À cette menace, le squatter se rua sur la porte avec une furie indicible, dans l’intention évidente de la renverser ; mais, contre ses prévisions, bien qu’elle gémît et craquât dans ses membrures, cependant elle résista.

Andrès Garote avait fait à part lui un raisonnement qui ne manquait pas d’une certaine logique et prouvait une profonde connaissance du cœur humain ; il s’était dit que puisqu’il devait affronter la colère du Cèdre-Rouge, mieux valait, en la détournant, lui faire atteindre de suite son paroxysme, afin de n’avoir à supporter que la période décroissante, puisque, dans l’organisation de l’homme, tout sentiment arrivé à son apogée tend fatalement à descendre.

Il sourit des efforts infructueux de l’Américain et lui répéta sa phrase :

— Eh bien, s’écria celui-ci avec rage, je suis le Cèdre-Rouge ! me reconnaissez-vous maintenant, Gachupine du diable ?

— Parfaitement, parfaitement ! je vois que je puis sans danger ouvrir à votre seigneurie.

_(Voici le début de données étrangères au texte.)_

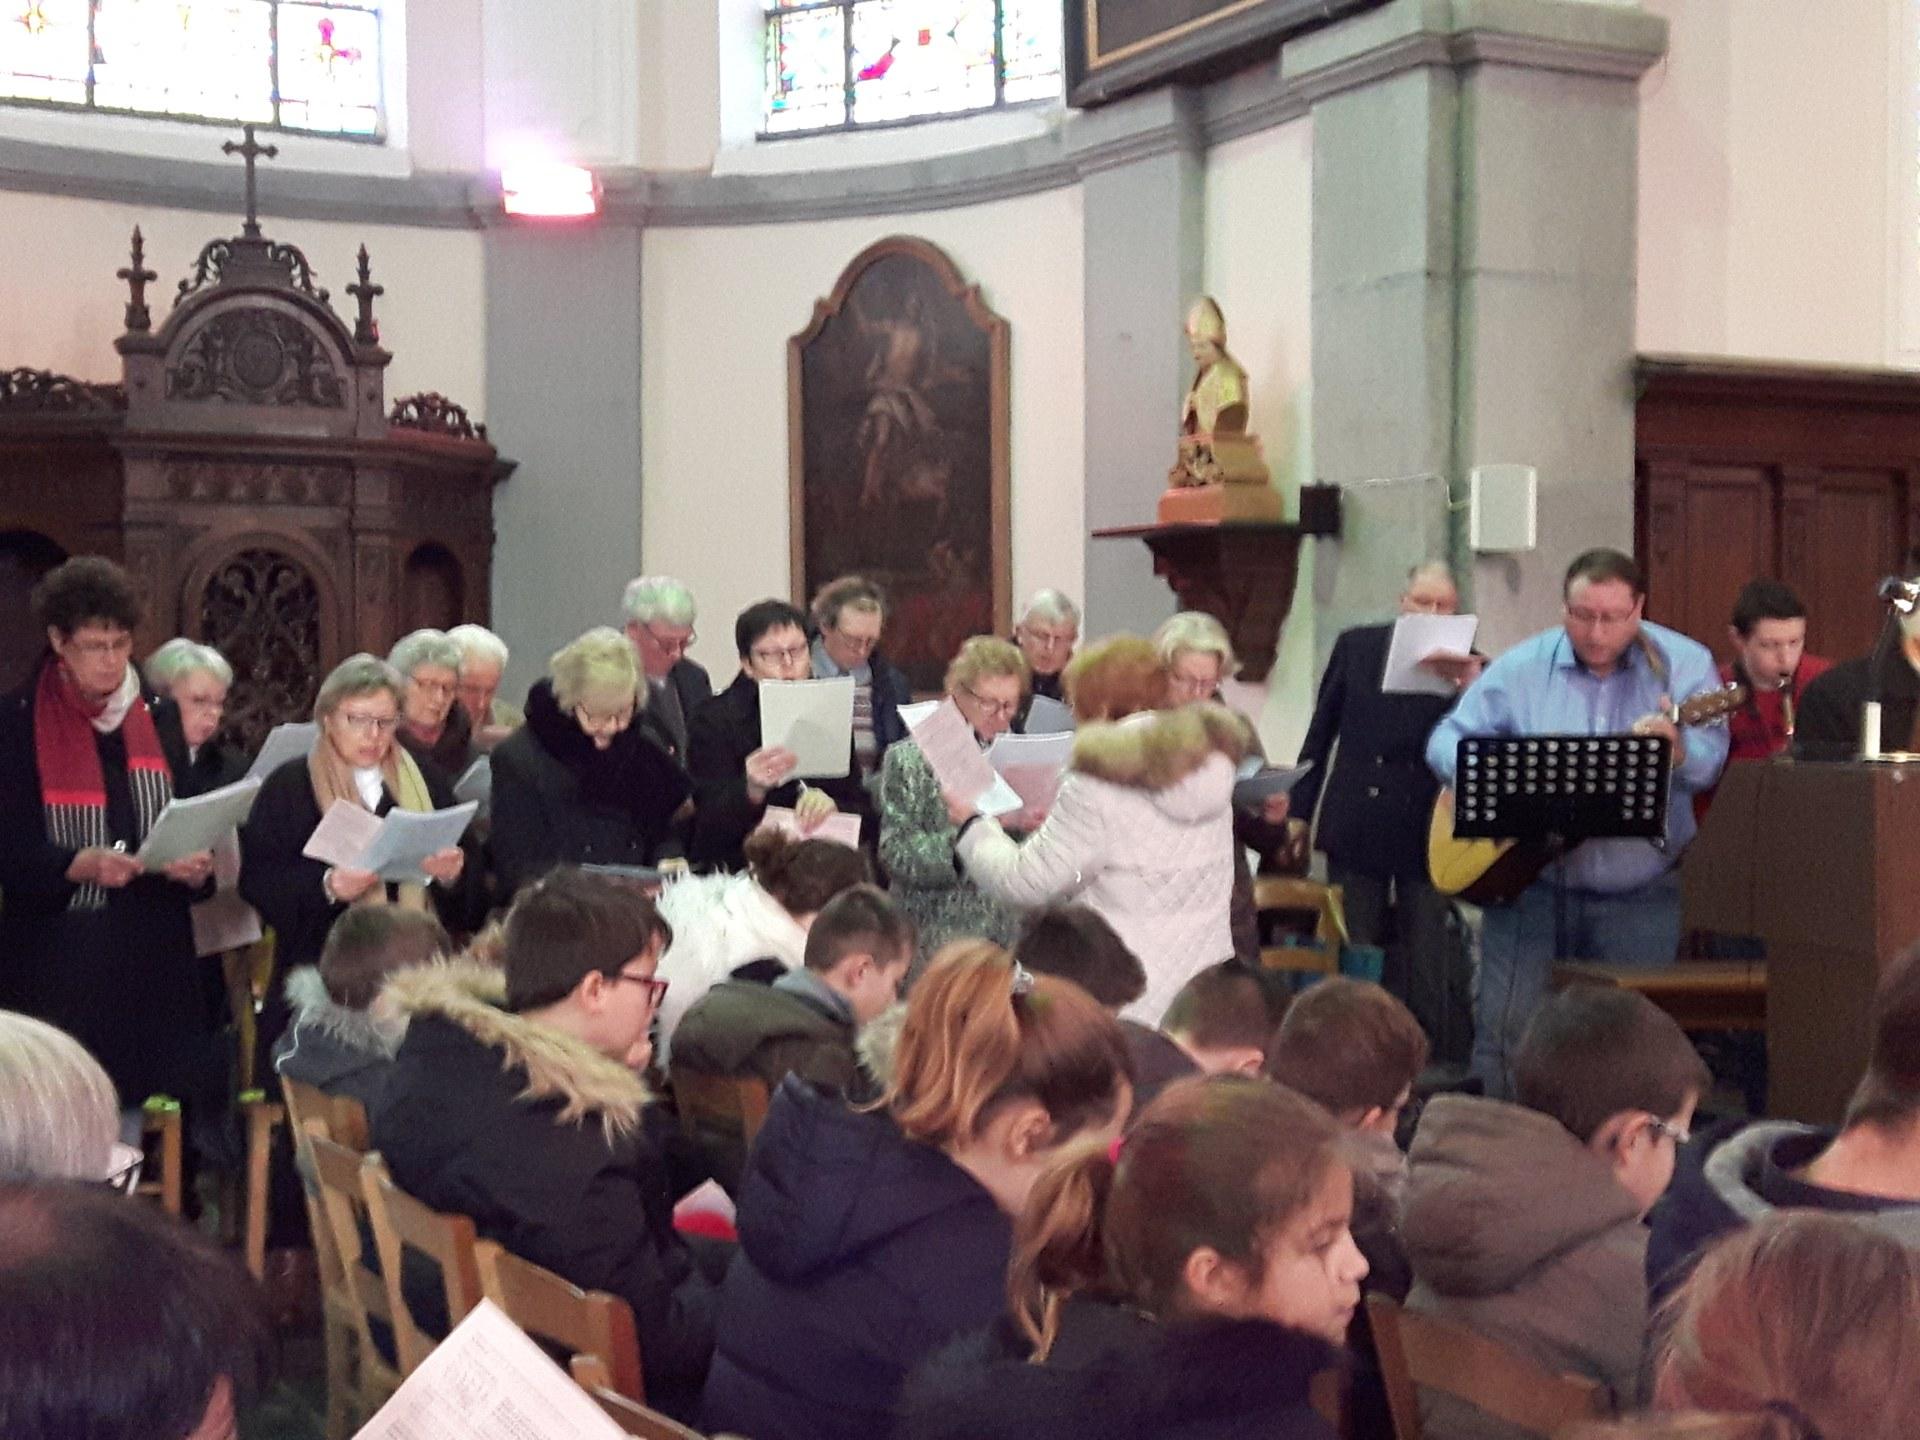 chorale et musiciens accompagnent pour les chants

Et le gambusino ouvrit vivement la porte.

Le Cèdre-Rouge se précipita dans la salle avec un hurlement de colère.

Mais Andrès avait éteint la lumière.

Le squatter s’arrêta, surpris par l’obscurité qui l’empêchait de rien distinguer dans la salle.

— Hé ! fit-il en restant sur le seuil de la porte, que sont ces ténèbres ? on n’y voit goutte.